By Tim Sandle     Mar 13, 2014 in Environment
Radioactive cesium isotopes have been detected in the waters off the coast of Vancouver, British Columbia, although the levels detected are said to be below the permissible limits for drinking water.
On March 11, 2011, approximately 80 miles from the coast of Sendai, Japan, a 9.0 magnitude earthquake occurred underwater. It is one of the largest recorded earthquakes in history and the ensuing tsunami created waves 133 feet high while ravaging its way almost six miles inland. One of the consequences was a reactor meltdown at the Fukushima Daiichi nuclear power plant. The power plant began spewing radioactive material into the air, land, and ocean. Now the radioactivity has reached as far out as Western Canada.

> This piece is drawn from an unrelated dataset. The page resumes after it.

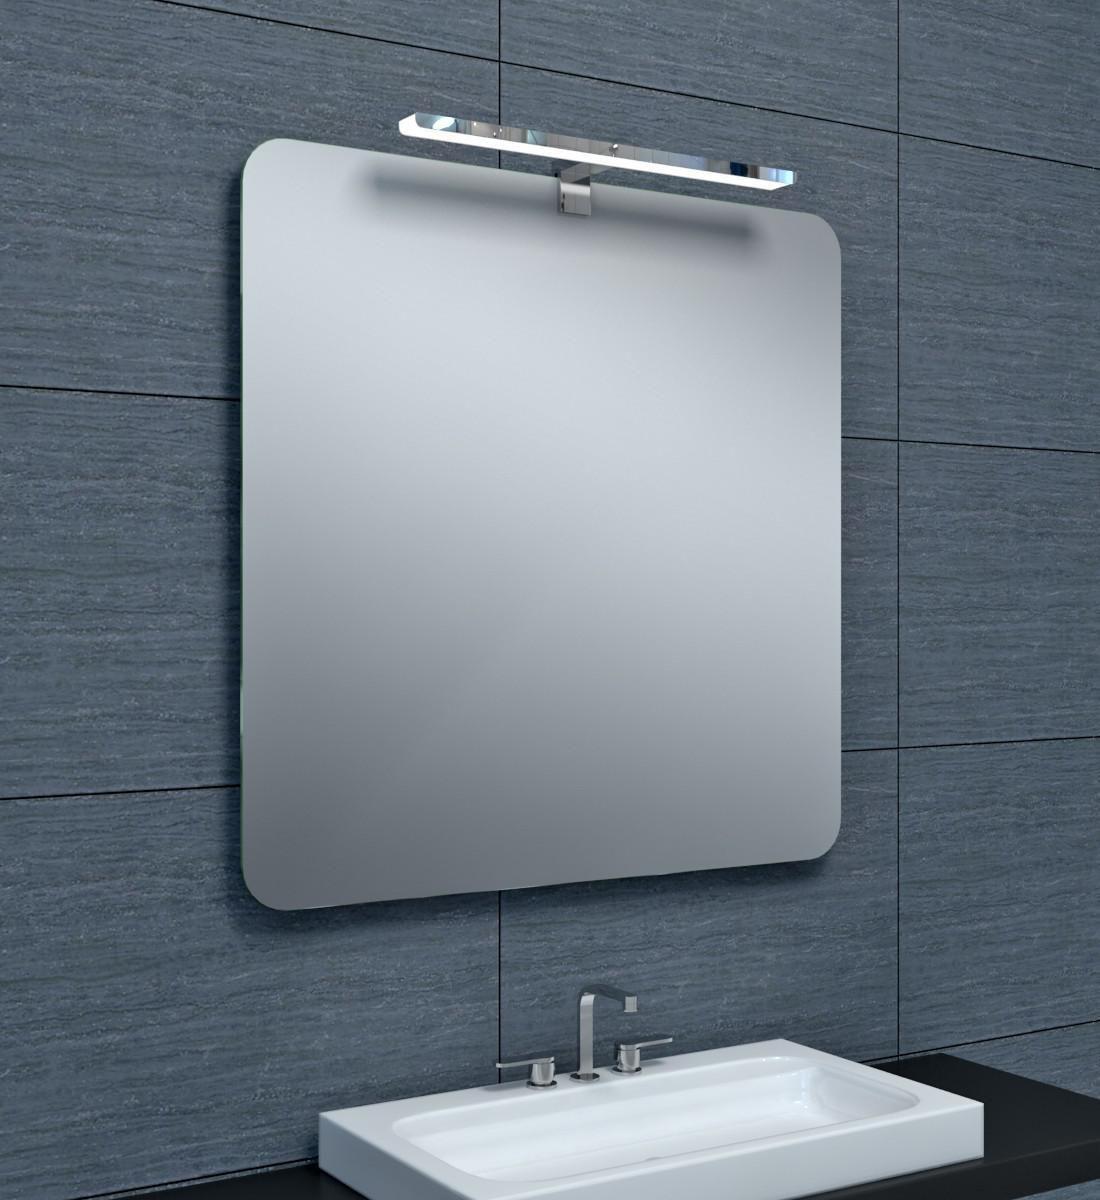 ALTERNA Miroir Milan 80 X Hauteur 80 Cm Cedeo

Scientists were able to trace the radioactivity back to Fukushima because among the radioactive isotopes released from Fukushima were two isotopes of cesium, cesium-134 and cesium-137. Since cesium-137 has a 30-year half-life, it persists in the environment for decades and it is relatively easy to trace.
Monitoring stations in the ocean west of Vancouver have been registering slowly rising levels of cesium-134, reaching 0.9 Becquerels per cubic meter in June of 2013. However, the results have only recently been released (March 2014), according to Live Science.
Explaining why the Canadian government has not previously published the research, a spokesperson for the Canadian Food Inspection Agency, Lisa Murphy, said in an email to Global News that despite not publishing any new results on the testing since March 2012, “the Government of Canada continues to monitor events in Japan and assess any potential impacts on Canada’s food supply. Part of the CFIA’s response included a sampling and testing strategy, which tested more than 200 food samples immediately following the situation in Japan in 2011,” adds Murphy. “This included imported food products from Japan, domestic milk from B.C. and migratory fish samples off the coast of B.C.”
This is supported by John Smith, a research scientist at Canada’s Bedford Institute of Oceanography in Dartmouth, Nova Scotia, who told the BBC: "These levels are still well below maximum permissible concentrations in drinking water in Canada for caesium-137 of 10,000 becquerels per cubic meter of water — so, it’s clearly not an environmental or human-health radiological threat."
However, not all environmental groups are convinced.
The cesium has not reached U.S. shores yet because of the direction of the Kuroshio Current that flows by Japan and across the North Pacific toward Canada. However, low levels of radioactive cesium from the stricken Japanese power plant could arrive by April.
This finding indicates that the long-term impact of the radiation leak on Japan and its neighboring countries will continue for many years.